走るのを練習するんだったら、ここの土手が一番なんだぁ。それにそれに、ここは色んなお友達のお散歩コースにもなってるから、それも楽しみなの♪ あ、そんなことを考えていたら、カイザーと羽幌さんがお散歩にやって来たの♪

「カイザー! 久しぶりなのー♪」

 カイザーは3丁目の羽幌さんの家のシェパードで、走るのがとっても速いの。あ、そうだいいこと思いついちゃった♪

「ねぇ、羽幌さん。カイザーと競走してもいいですか?」
「あら、どうしたの?」

 美虎音はもうすぐ運動会があること、そこでリレーの選手に選ばれたこと、しかもアンカーだから張り切っていることを伝えました。そうしたら、「あらあらそうなの。でも家のカイザーだって負けないわよ♪」って楽しそうに言って、美虎音はカイザーと競走することになりました♪

 そうやって、何度かカイザーと競走をしていると――カイザーには結局一度も勝てなかったんだけど――にぃにがシマタとクロベと一緒に来てくれたの♪ 美虎音、嬉しくなっちゃってにぃにの元へ真っ先に駆けつけたんだけど、「こら、練習中によそ見したらだめだろ」って怒られちゃったの♪ てへへ♪
 あとね、最後まであきらめたらだめだよ、とも言ってたの。そうしないと、ウサギとカメのウサギさんみたいになっちゃうからなんだって。うん、どんな時でも最後まで頑張らなきゃダメだよね。
 カイザーとバイバイをした後、日が暮れるまでにぃにとシマタとクロベの4人でリレーの練習をしたのっ♪ やっぱりにぃには速くって一回も勝てなかったの。でも、「僕が美虎音に負けるのも時間の問題だなぁ」だって♪ クフ♪ 美虎音、いつかにぃににも、シマタにも、クロベにも勝ってみせるの♪

※ ※ ※

 ついに運動会の日がやってきました!
 玉入れや綱引き、応援合戦! どんどん競技が進んでいって、どんどん興奮してきちゃったの! だから、美虎音も大きな声で頑張って黄色チームを応援したの♪
 それと同時に、段々美虎音の胸がドキドキしてきて、なんだかもうこのまま心臓が飛び出ちゃうんじゃないかっていうくらいのドキドキなの。だってだって、もうすぐ女子のリレー、美虎音の出番。さっきにぃにとお昼ご飯を一緒に食べたときに、絶対一番になるからねって約束してきちゃったし……。しかもにぃにったら、朝の4時に場所取りに並んでリレーが一番見やすい場所を取ったんだぞ、って、なんだか美虎音より張り切ってたんだよ♪
 あーもう、とっても緊張してたのー! えっと、こういうときは手のひらに『人』っていう字を書いて飲み込む真似をするといいって聞いたことがあるの。えっと、えっと……あーん、間違って『犬』って書いちゃったのー!
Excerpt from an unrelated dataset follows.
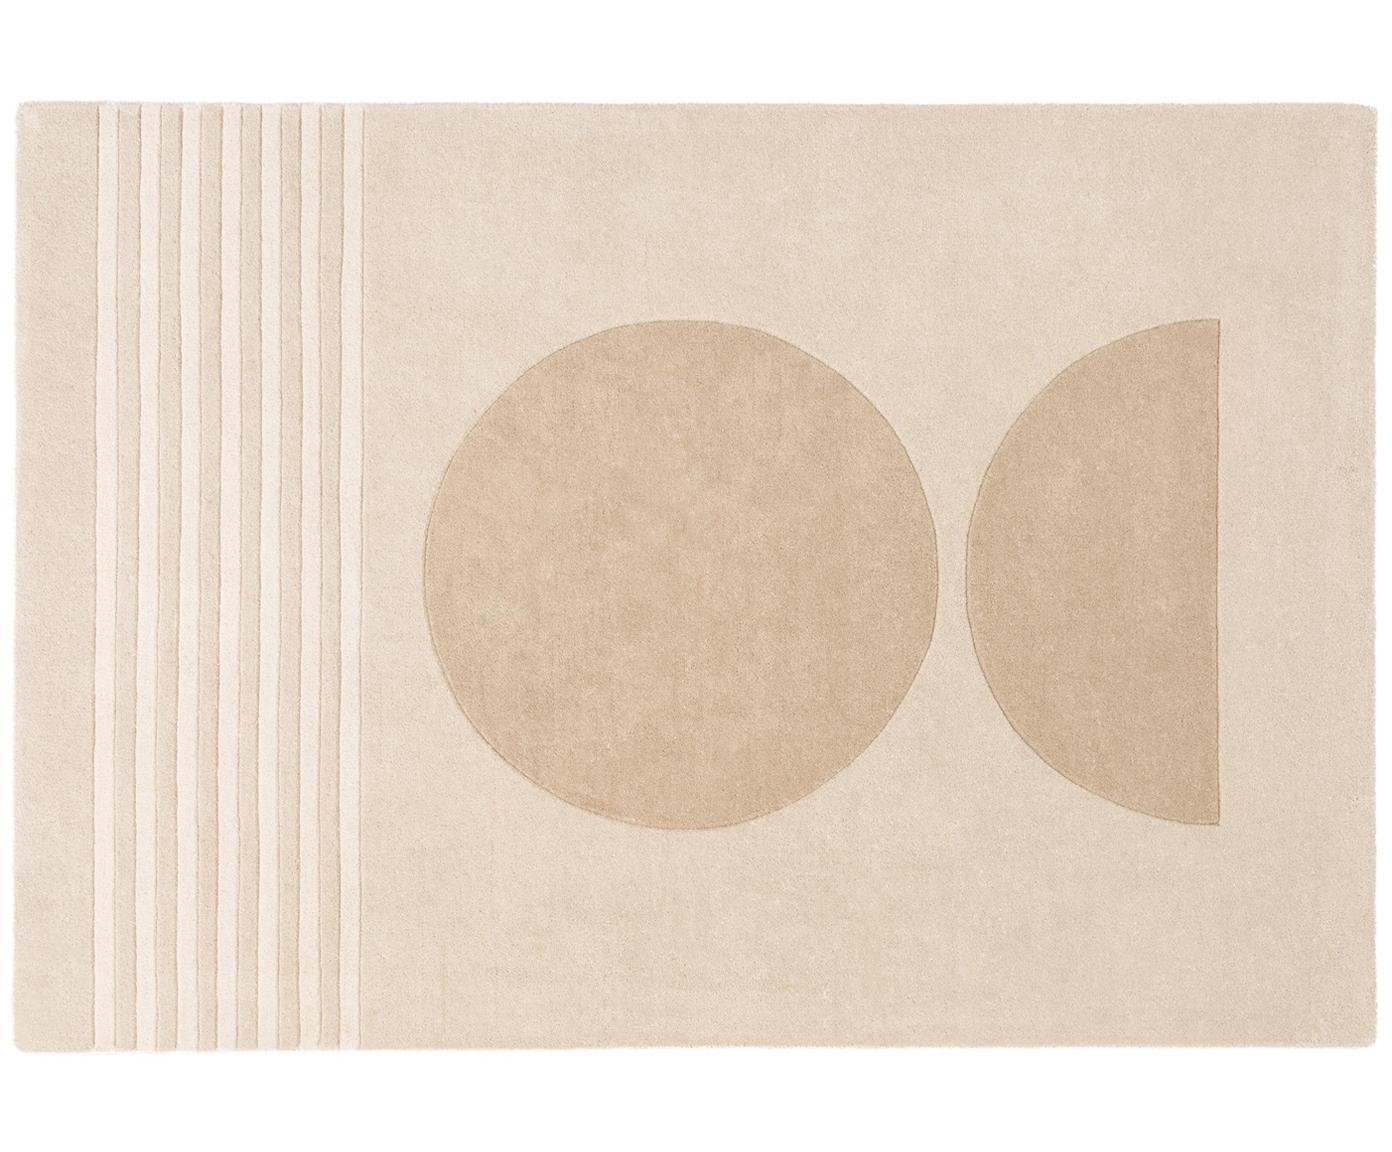 Alfombra artesanal de lana Bent, Parte superior: 100%lana, Reverso: algodón, Beige, crema, An 140 x L 200 cm (Tamaño S)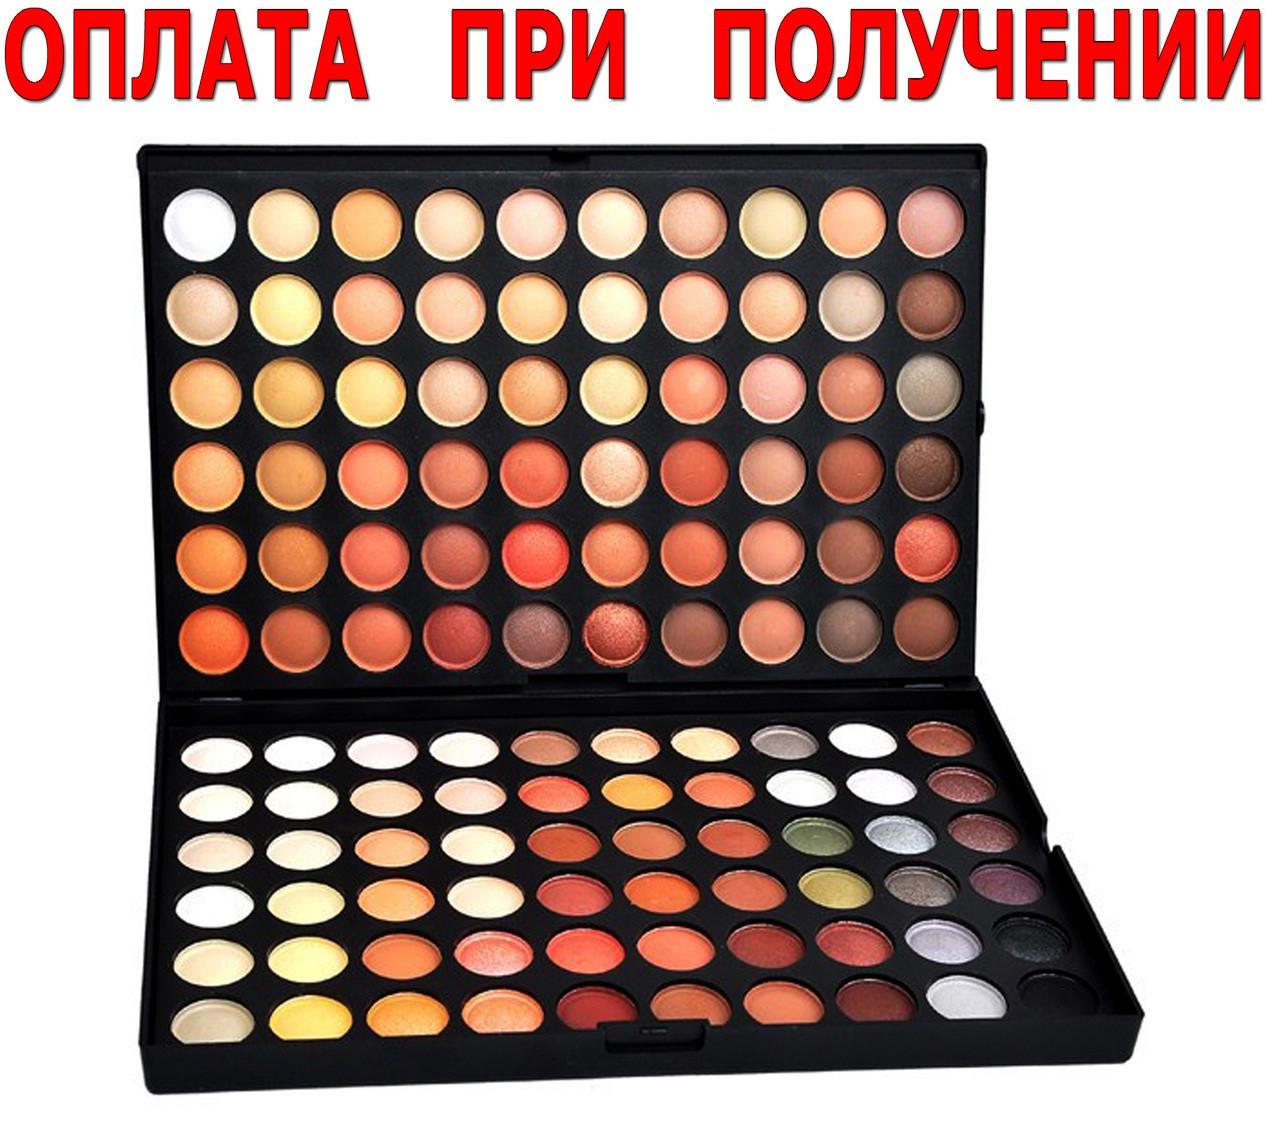 Тени теплых тонов 120 цветов Mac Cosmetics №4 палитра теней палетка  реплика

 そうこうしているうちに、ついに美虎音の出番がやってきて……リレーの始まりを告げるピストルの音が、バーンッ! って鳴りました!
 他のチームのアンカーもみんな速そうだけど、美虎音だってにぃにと一緒に頑張ったんだもん、絶対負けないの! にぃにと約束したんだから!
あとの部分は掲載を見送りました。